Methodological flowchart of the review. Main characteristics of all the studies included in the meta-analysis. OS, overall survival; CSS, cancer-specific survival; HR, hazard ratio, “M” means the HR come from multivariate analysis, “U” means the HR comes from univariate analysis; NR, not reported; ESCC, esophageal squamous cell cancer; EC, esophageal carcinoma; NOS, Newcastle-Ottawa Scale. Abstract table summarizing PECO in the studies of GNRI. PECO, population, expose, comparison, and outcome; OS, overall survival; CSS, cancer-specific survival; EC, esophageal carcinoma; GNRI, geriatric nutritional risk index; NR, not reported.

Meta-Analysis

To assess the impact of lower GNRI on OS, a fixed-effects model was conducted to analyze since the heterogeneity was non-significant (I2 = 0.0%, P = 0.511). Totally, 9 studies contained a number of 1354 patients applying OS as the survival outcome. The pooled HR was 1.75 (95% CI: 1.45–2.10, P < 0.01) (Figure 2), indicating that patients with low GNRI had poorer OS than those with high GNRI. To investigate the correlation between GNRI and CSS, 2 studies with a total of 431 patients were included. Heterogeneity was acceptable in the analysis (I2 = 0%, P = 0.636), a fixed-effects model was used, and the pooled HR was 1.77 (95% CI: 1.19–2.62, P < 0.01) (Figure 2), suggesting that low GNRI was significantly associated with worse CSS.
Figure 2

Forest plot of pooled hazard ratio (HR) of geriatric nutritional risk index (GNRI) in predicting survival outcomes in esophageal cancer (EC).

Forest plot of pooled hazard ratio (HR) of geriatric nutritional risk index (GNRI) in predicting survival outcomes in esophageal cancer (EC). Although there was no obvious heterogeneity among the studies, we still conducted a subgroup analysis to achieve a deeper investigation. The criteria of the subgroups were as follows: cutoff value, therapeutic method, and population. In the subgroup of cutoff value, no heterogeneity was found in studies (I2 = 0.0%, P = 0.714), and a fixed-effects model was applied to the analysis. We concluded that the low GNRI was significantly associated with the worse OS when the cutoff value was set as 92 (HR: 1.86, 95% CI: 1.48–2.34, P < 0.01). When setting the cutoff value as 98, the low GNRI was also associated with poorer OS (HR: 1.86, 95% CI: 1.27–2.71, P < 0.01), without any heterogeneity (I2 = 0.0%, P = 0.578) (Figure 3). In the subgroup of patient treatment, low GNRI and poor OS were statistically significantly associated with patients who underwent surgical therapy (HR: 1.52, 95% CI: 1.12–2.07, P < 0.05; fixed-effects model), oncological treatment (HR: 2.04, 95% CI: 1.47–2.81, P < 0.05; fixed-effects model), and esophagectomy with oncological treatment (HR: 1.75, 95% CI: 1.25–2.45, P < 0.05; fixed-effects model) (Figure 4). In the subgroup of the population, we found that low GNRI significantly related to poor prognosis in both Chinese patients (HR: 1.72, 95% CI: 1.30–2.29, P < 0.01; fixed-effects model) and Japanese patients (HR: 1.77, 95% CI: 1.38–2.26, P < 0.01; fixed-effects model), and there was no heterogeneity in the data (Figure 5), so we used the fixed-effects model for analysis. These two subgroup analyses both observed that low GNRI was associated with poor OS regardless of population.
Figure 3

Forest plot showing subgroup analysis of the selected studies about the prognostic significance of GNRI in patients with different cutoff values.

Figure 4

Forest plot showing subgroup analysis of the selected studies about the prognostic significance of GNRI in patients with different treatments.

Figure 5

Forest plot showing subgroup analysis of the selected studies about the prognostic significance of GNRI in patients with different populations.
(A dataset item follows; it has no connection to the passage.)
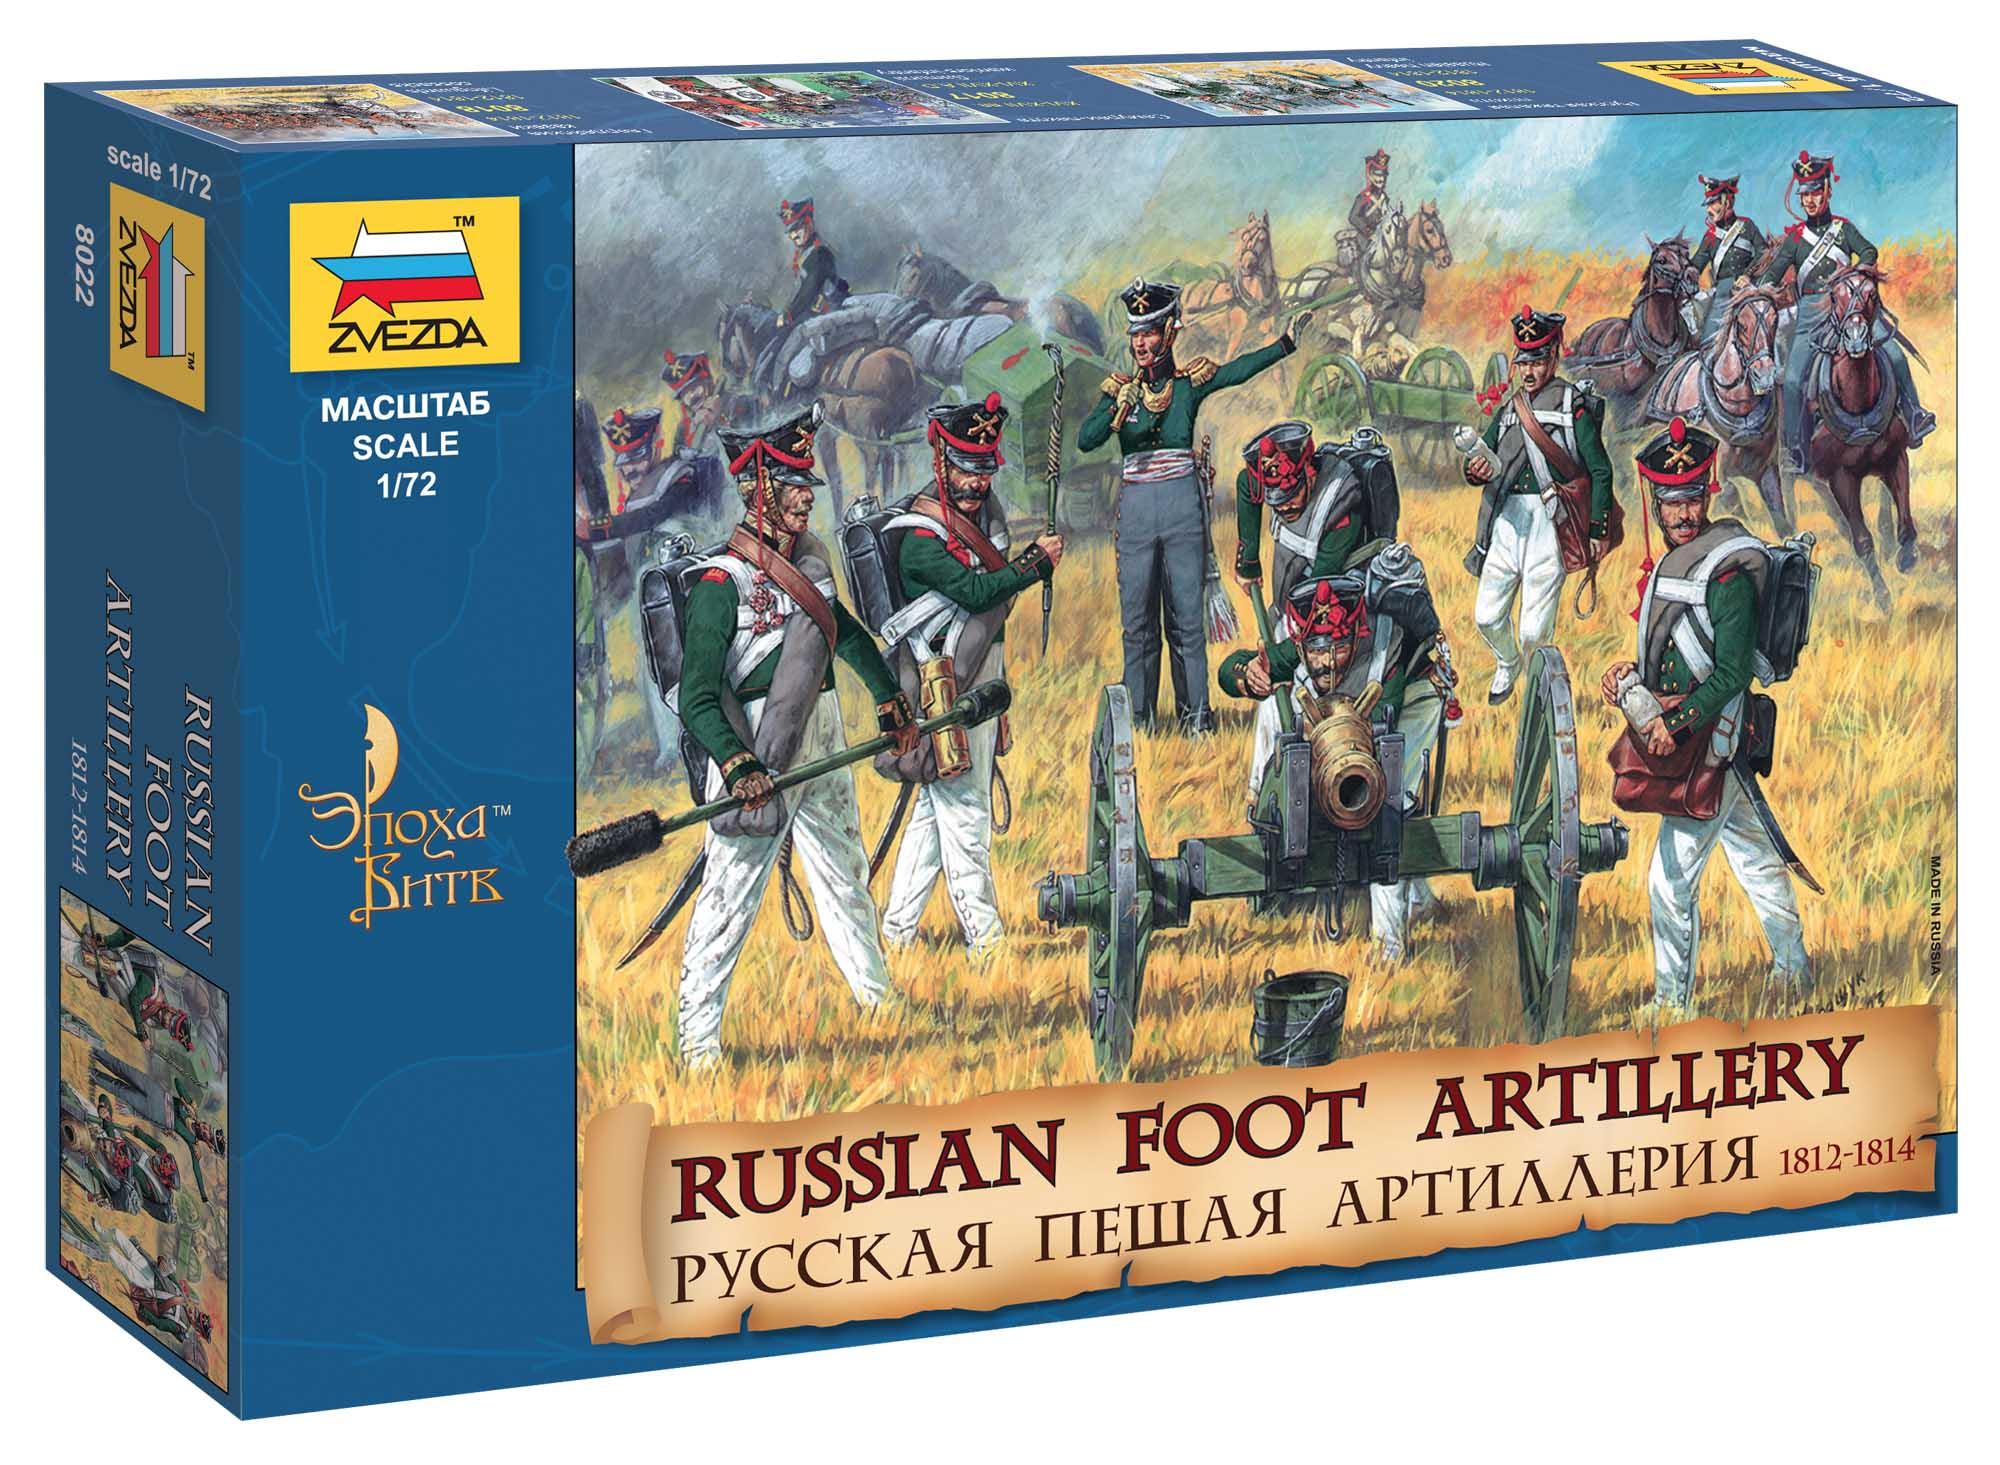 Náhľad produktu - 1:72 Russian Foot Artillery (1812-1814)

Forest plot showing subgroup analysis of the selected studies about the prognostic significance of GNRI in patients with different cutoff values. Forest plot showing subgroup analysis of the selected studies about the prognostic significance of GNRI in patients with different treatments. Forest plot showing subgroup analysis of the selected studies about the prognostic significance of GNRI in patients with different populations. Two of the included studies had investigated the association between GNRI value and postoperative complication rate using odds ratio (OR). The ORs of Kubo et al. (17) and Migita et al. (18) were 1.467 (95% CI: 0.414–5.196, P = 0.550) and 1.660 (95% CI: 0.771–3.576, P = 0.196), respectively. The pooled OR was 1.606 (95% CI: 0.883–3.094, P = 0.157), which indicated that low GNRI does not increase the risk of postoperative complications (Table 3).
Table 3

The relationships between the GNRI and postoperative complication rate.

Study Year GNRI
OR (95%CI) P
Kubo et al. (17)20181.467 (0.414–5.196)0.550
Migita et al. (18)20181.660 (0.771–3.576)0.196
Pooled OR1.606 (0.883–3.094)0.157

OR, odds ratio; GNRI, geriatric nutritional risk index.

The relationships between the GNRI and postoperative complication rate. OR, odds ratio; GNRI, geriatric nutritional risk index.

Sensitivity Analysis and Publication Bias

To assess the stability and reliability of the primary analysis, sensitivity analysis was utilized through sequential removal of each study. The result showed that the survival outcome of the prime analysis was not influenced by removing any single study, even when drawing the study with relatively low quality (Figure 6A). Moreover, the hidden publication bias was tested using Begg's test. A symmetrical appearance was checked in the funnel plot (Figure 6B). The P-value of Begg's test was 0.759. Therefore, no notable publication bias was found in the meta-analysis.
Figure 6

(A) Sensitivity analysis for meta-analysis of GNRI. (B) Funnel plots of publication bias for meta-analysis of GNRI.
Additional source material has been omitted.